-- Data shown follows --

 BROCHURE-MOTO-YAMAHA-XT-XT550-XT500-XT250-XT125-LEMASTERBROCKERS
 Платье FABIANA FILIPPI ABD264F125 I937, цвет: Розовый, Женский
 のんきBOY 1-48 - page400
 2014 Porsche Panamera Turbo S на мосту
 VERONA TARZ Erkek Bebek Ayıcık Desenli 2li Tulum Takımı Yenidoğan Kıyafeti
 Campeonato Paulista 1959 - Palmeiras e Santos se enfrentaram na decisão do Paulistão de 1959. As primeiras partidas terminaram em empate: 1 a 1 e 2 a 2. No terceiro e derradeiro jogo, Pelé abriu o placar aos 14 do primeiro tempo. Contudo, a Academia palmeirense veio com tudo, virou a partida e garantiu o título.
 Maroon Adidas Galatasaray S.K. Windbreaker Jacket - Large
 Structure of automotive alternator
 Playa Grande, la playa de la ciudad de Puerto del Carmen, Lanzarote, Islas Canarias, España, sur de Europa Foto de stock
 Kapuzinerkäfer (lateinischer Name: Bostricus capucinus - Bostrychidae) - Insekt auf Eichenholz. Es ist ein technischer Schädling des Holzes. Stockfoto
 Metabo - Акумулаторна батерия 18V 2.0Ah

-- Data shown concluded --

Task goal: Please return the full set of records exactly as given above.

Solved problem:
 BROCHURE-MOTO-YAMAHA-XT-XT550-XT500-XT250-XT125-LEMASTERBROCKERS
 Платье FABIANA FILIPPI ABD264F125 I937, цвет: Розовый, Женский
 のんきBOY 1-48 - page400
 2014 Porsche Panamera Turbo S на мосту
 VERONA TARZ Erkek Bebek Ayıcık Desenli 2li Tulum Takımı Yenidoğan Kıyafeti
 Campeonato Paulista 1959 - Palmeiras e Santos se enfrentaram na decisão do Paulistão de 1959. As primeiras partidas terminaram em empate: 1 a 1 e 2 a 2. No terceiro e derradeiro jogo, Pelé abriu o placar aos 14 do primeiro tempo. Contudo, a Academia palmeirense veio com tudo, virou a partida e garantiu o título.
 Maroon Adidas Galatasaray S.K. Windbreaker Jacket - Large
 Structure of automotive alternator
 Playa Grande, la playa de la ciudad de Puerto del Carmen, Lanzarote, Islas Canarias, España, sur de Europa Foto de stock
 Kapuzinerkäfer (lateinischer Name: Bostricus capucinus - Bostrychidae) - Insekt auf Eichenholz. Es ist ein technischer Schädling des Holzes. Stockfoto
 Metabo - Акумулаторна батерия 18V 2.0Ah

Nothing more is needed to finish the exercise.